There is a theory that the Prime Minister was being cunning like a fox when he chose to stare at the leather in his shoe rather than look the international boss of BTC directly in the eye.

The PM must have known that he could have been perceived as double dealing by his visitors who later turned out to be uncouth, undiplomatic and culturally tone-deaf. The PM presides as corporation sole with ownership stakes in both BTC and the newest telecoms kid on the block, Aliv.

Damage one and the other is the immediate beneficiary.
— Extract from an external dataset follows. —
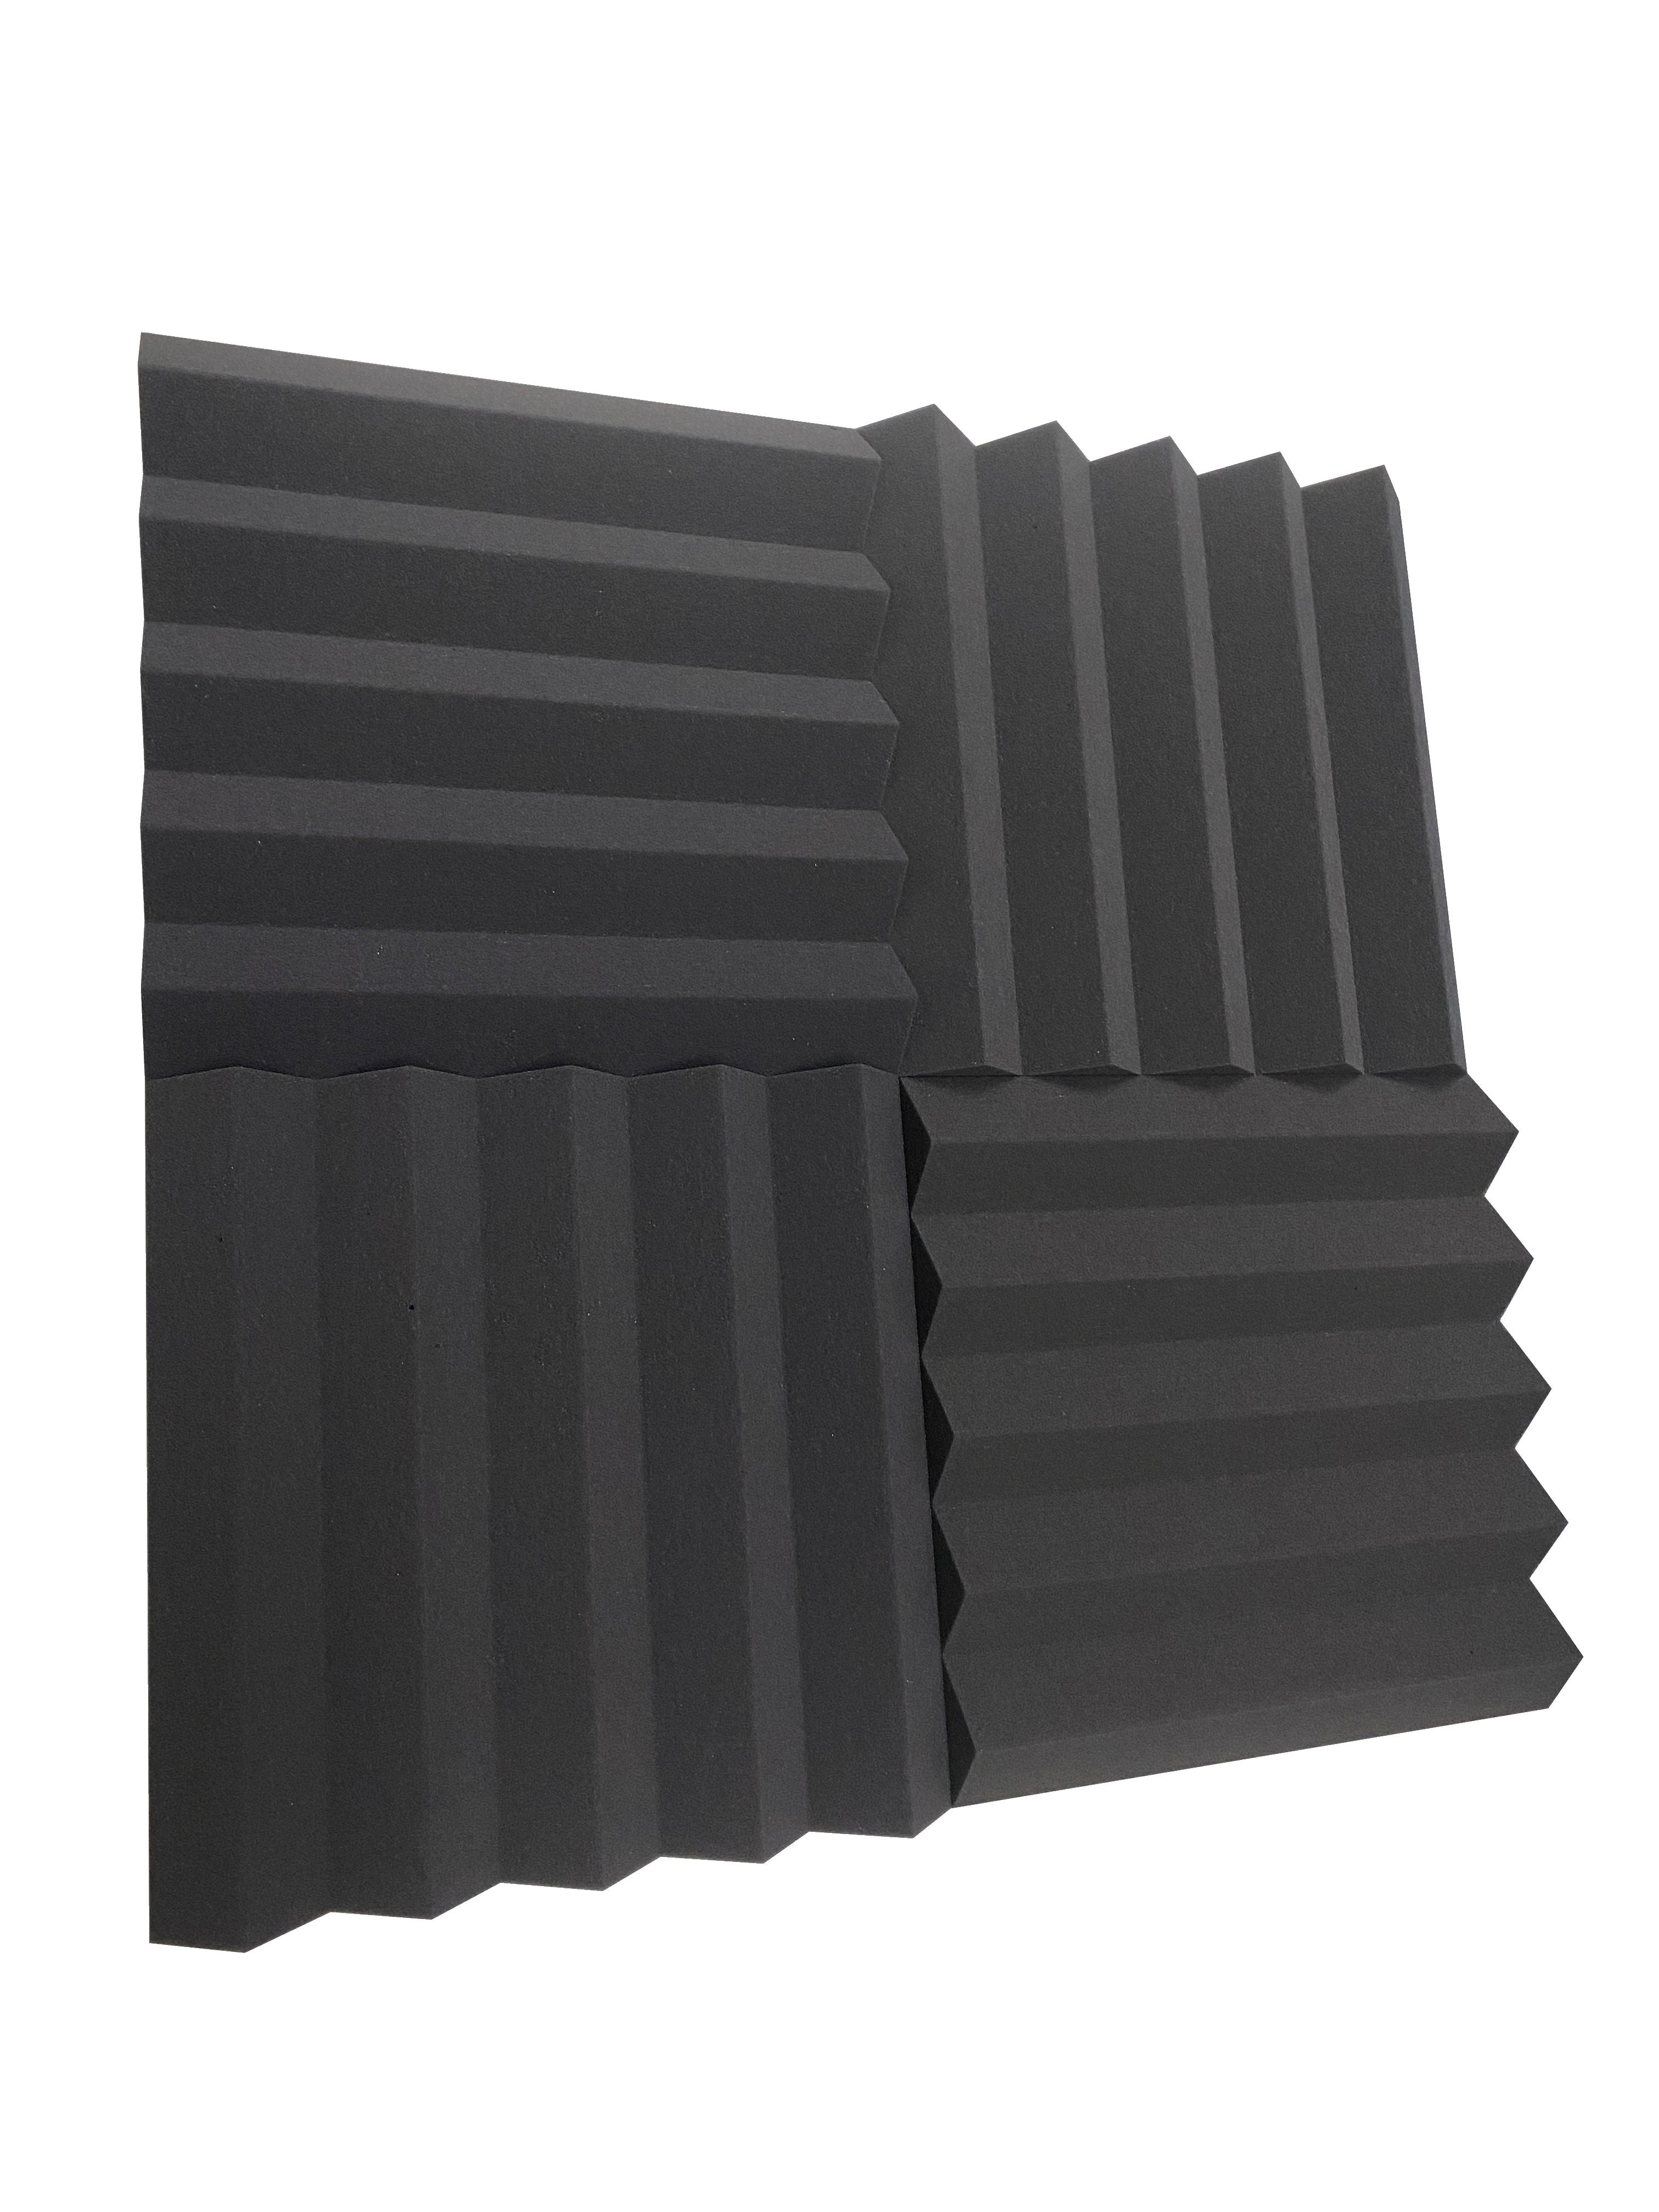 Wedge PRO Combo Acoustic Studio Foam Tile Kit – 42 Fliesen, 13,92 m² Abdeckung-7

Aliv got another lifeline tossed its way by the self-inflicted wounds and body-blows to BTC by their new foreign owners.

When Hubert Ingraham sold BTC to Cable & Wireless in 2011, ownership transferred to this storied old British company with well-established roots in the Caribbean.

Years ago, when a titan of Jamaican business Mayer Matalon was chairman of Cable &Wireless, he was on a first name, look-’em-directly-in-the-eye basis with every Prime Minister in the region, including our own. Matalon would have fired on-the-spot any of his managers who so egregiously upbraided a prime minister in public.

But these are different times and companies are run by men and women driven almost exclusively by the almighty dollar, and the American boss of Liberty Latin America (as the latest iteration of Cable & Wireless is now known), Balan Nair is the poster boy of this new dispensation.

The American media advises that we should always follow the money when trying to get to the crux of a story.

Balan Nair became the big boss of Liberty only last year and he obviously wants to be a hands-on manager. Who can blame him? They paid dearly for C&W – over $3 billion in cash – and they assumed over $2.5 billion in debt. Obviously, somebody figured out that there was telecoms gold in this neck of the woods.

Liberty is a publicly-traded company and the market can be brutal on stocks that don’t perform up to expectation. Cable & Wireless had four jewels in its crown at the time Liberty became a suitor. There was Mas Movil in Panama, BTC, LIME (everywhere else in the Caribbean except the Bahamas), and C&W Seychelles.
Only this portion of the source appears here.